Crude oil prices increased today, reaching a three-week high due to declining U.S. oil inventories and tighter global supply. The latest figures show:
- Brent crude at $73.85 per barrel, up 1.14%
- West Texas Intermediate (WTI) crude at $69.82 per barrel, up 1.19%
- Murban crude at $75.07 per barrel, up 0.70%
- Natural gas at $3.868 per MMBtu, up 0.73%
Lower U.S. Oil Reserves Drive Price Increase
Prices surged after the American Petroleum Institute reported that U.S. crude stockpiles fell by 4.6 million barrels in the week ending March 21. This was a much larger drop than the expected 2.5 million-barrel decline, signaling increased demand and tightening supply.
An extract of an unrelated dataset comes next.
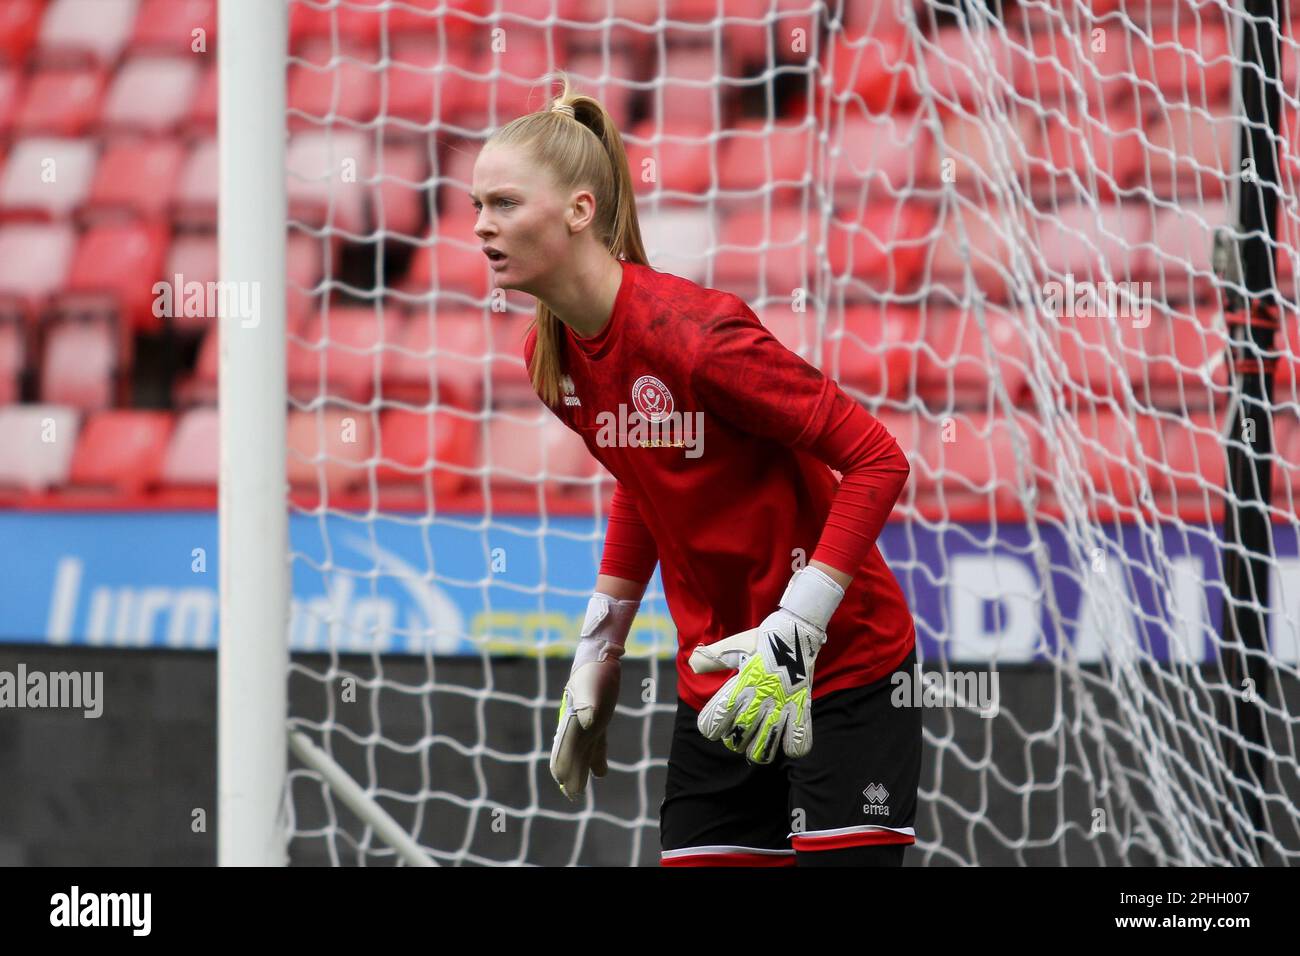 Sheffield, UK. 26th Mar, 2023. Sheffield, England, March 26th 2023; Fran Stenson During the Warm up before FA Women's Championship - Sheffield United v Lewes at Bramall Lane, Sheffield, England. (Sean Chandler/SPP) Credit: SPP Sport Press Photo. /Alamy Live News Stock Photo

Adding to concerns, the U.S. government has imposed stricter sanctions on Iran and Venezuela, further limiting global oil availability.
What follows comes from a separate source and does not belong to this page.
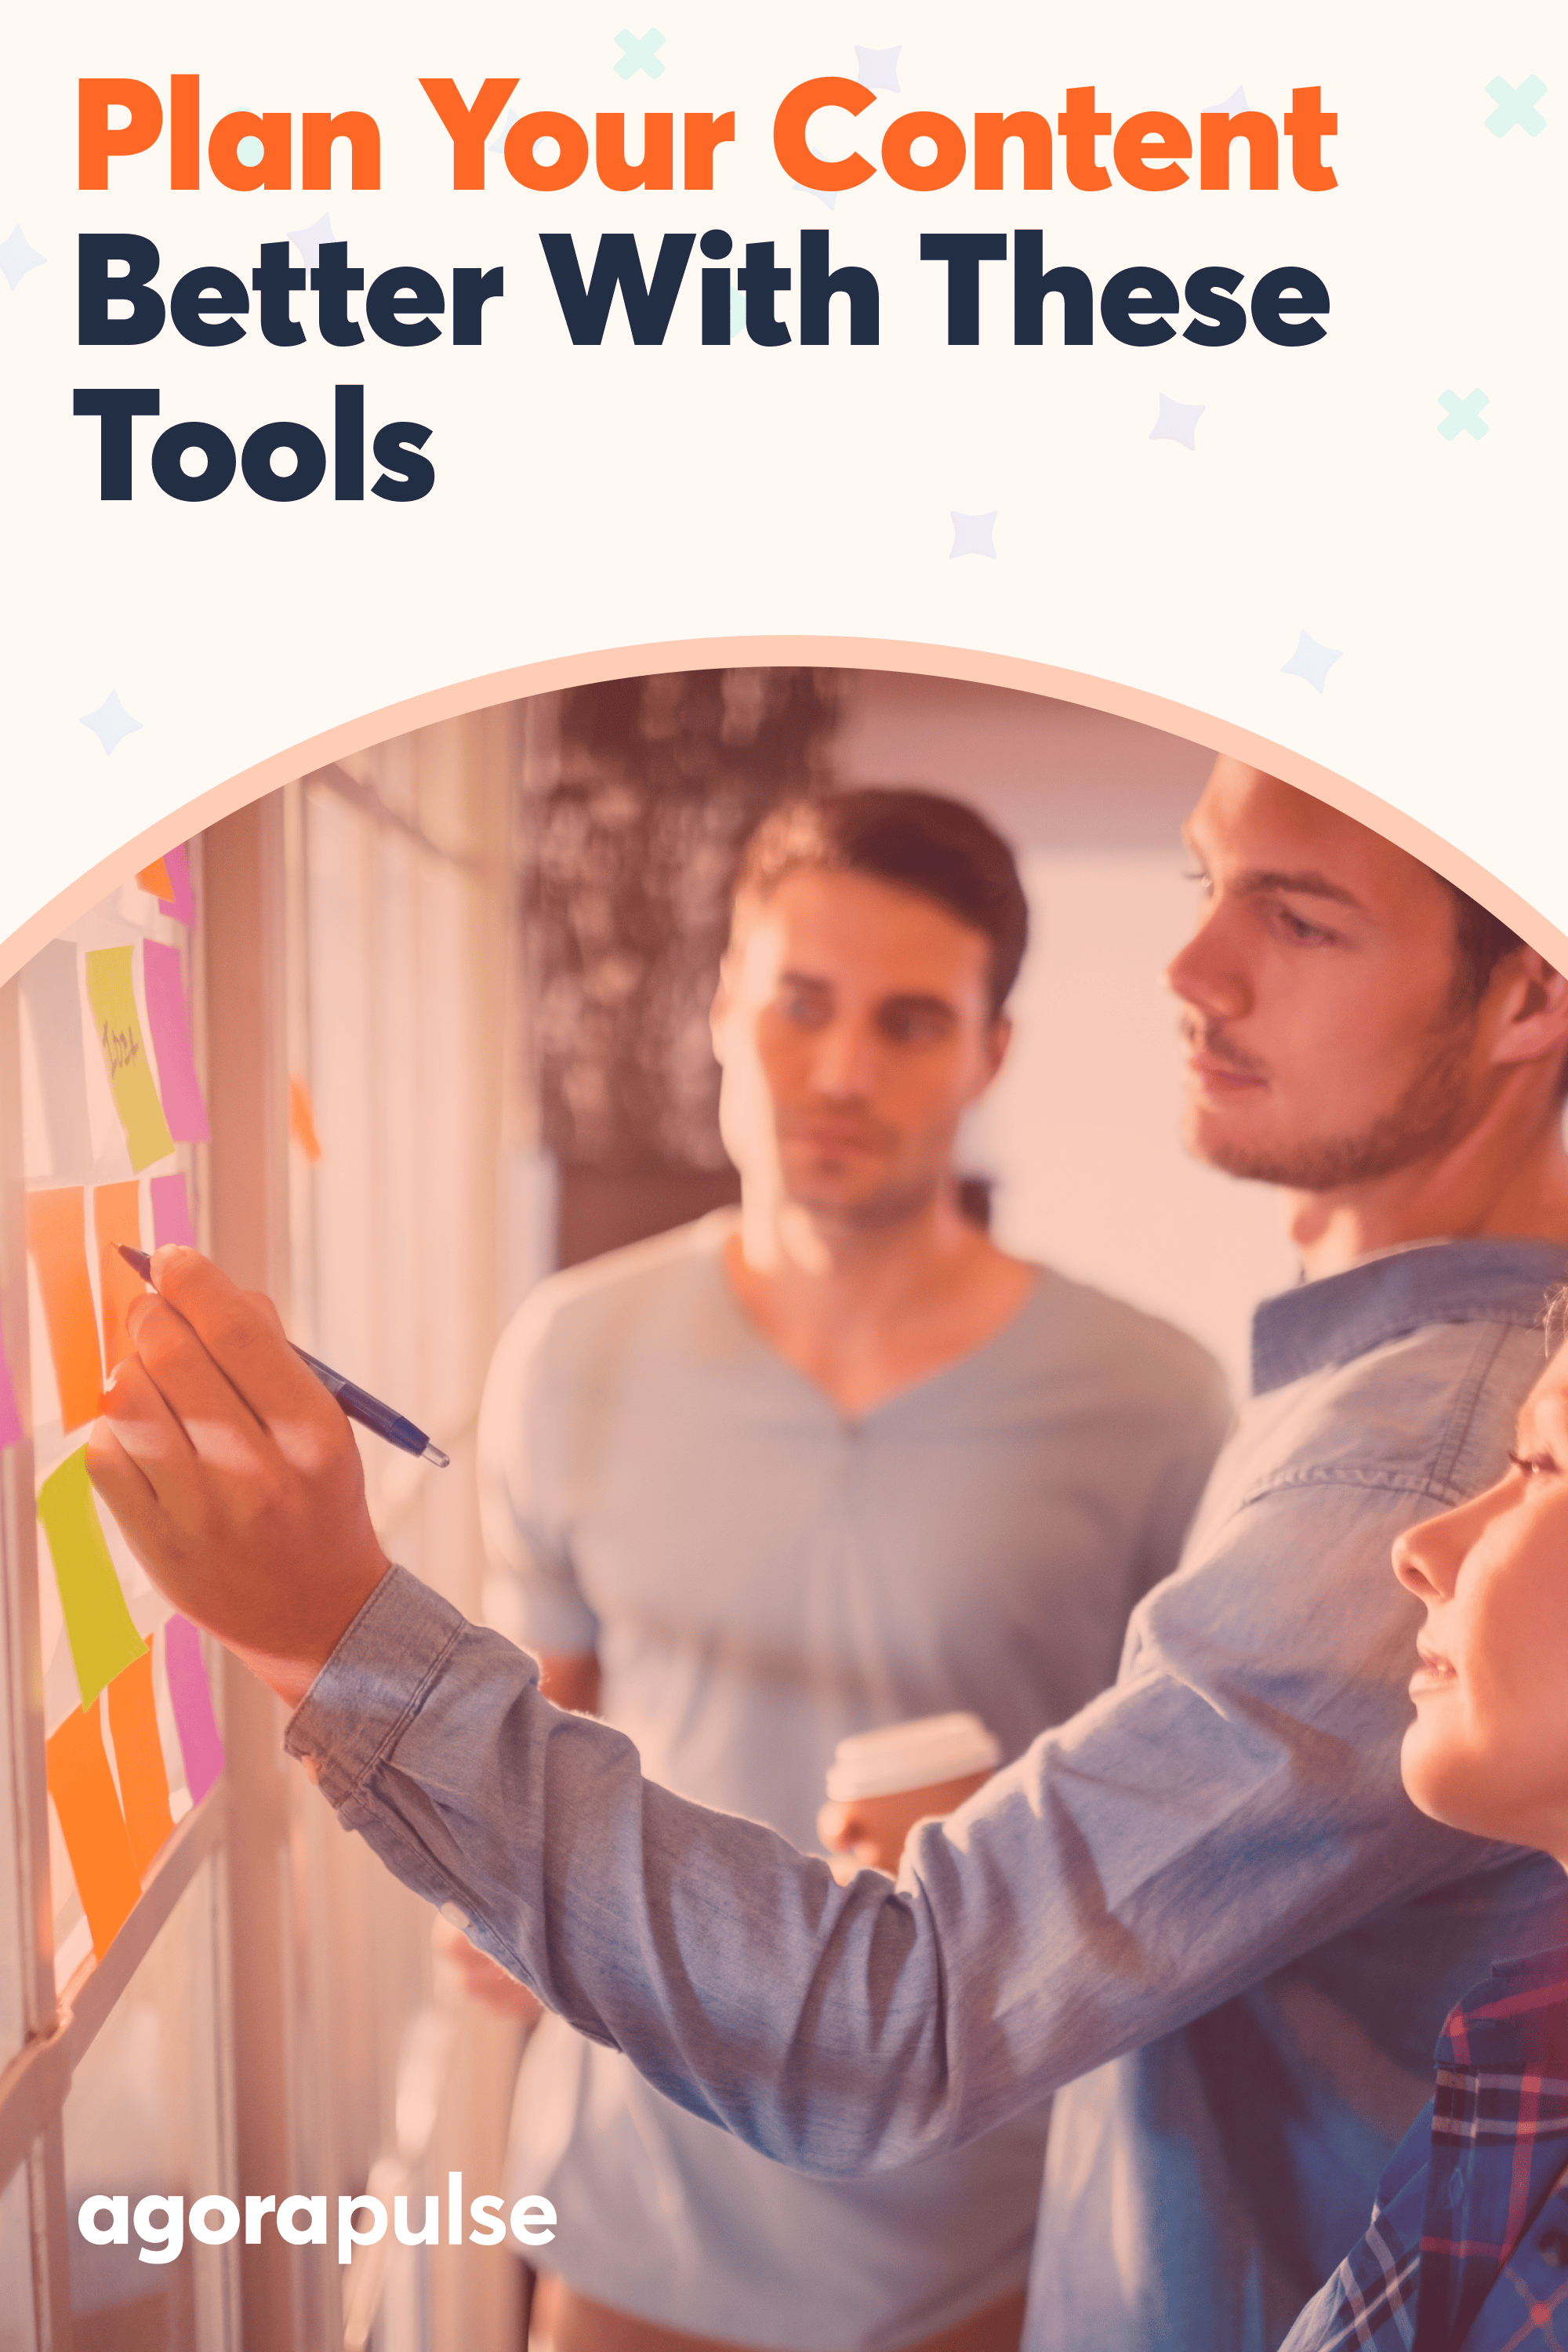 7 Tools to Help You Plan Your Content

Venezuela Sanctions Disrupt Shipments
Oil exports from Venezuela have slowed after former U.S. President Donald Trump threatened a 25% tariff on countries importing Venezuelan crude. According to Reuters, only three supertankers were loading at the Jose oil terminal, while another berth remained empty, and no shipments were detected at the Bajo Grande port.
Despite rising prices, some downward pressure exists as the U.S., Russia, and Ukraine reportedly reached a deal to suspend hostilities in the Black Sea. The U.S. has also agreed to push for relaxed sanctions on Russia, which could impact global oil trade.
Market Outlook
Investors are now awaiting the Energy Information Administration report due later today for more insights into U.S. oil inventories. Traders are also watching OPEC+ production plans, ongoing trade talks, and global fuel demand shifts.
For now, oil prices remain on an upward trend, but further changes in policy or supply could bring volatility in the days ahead.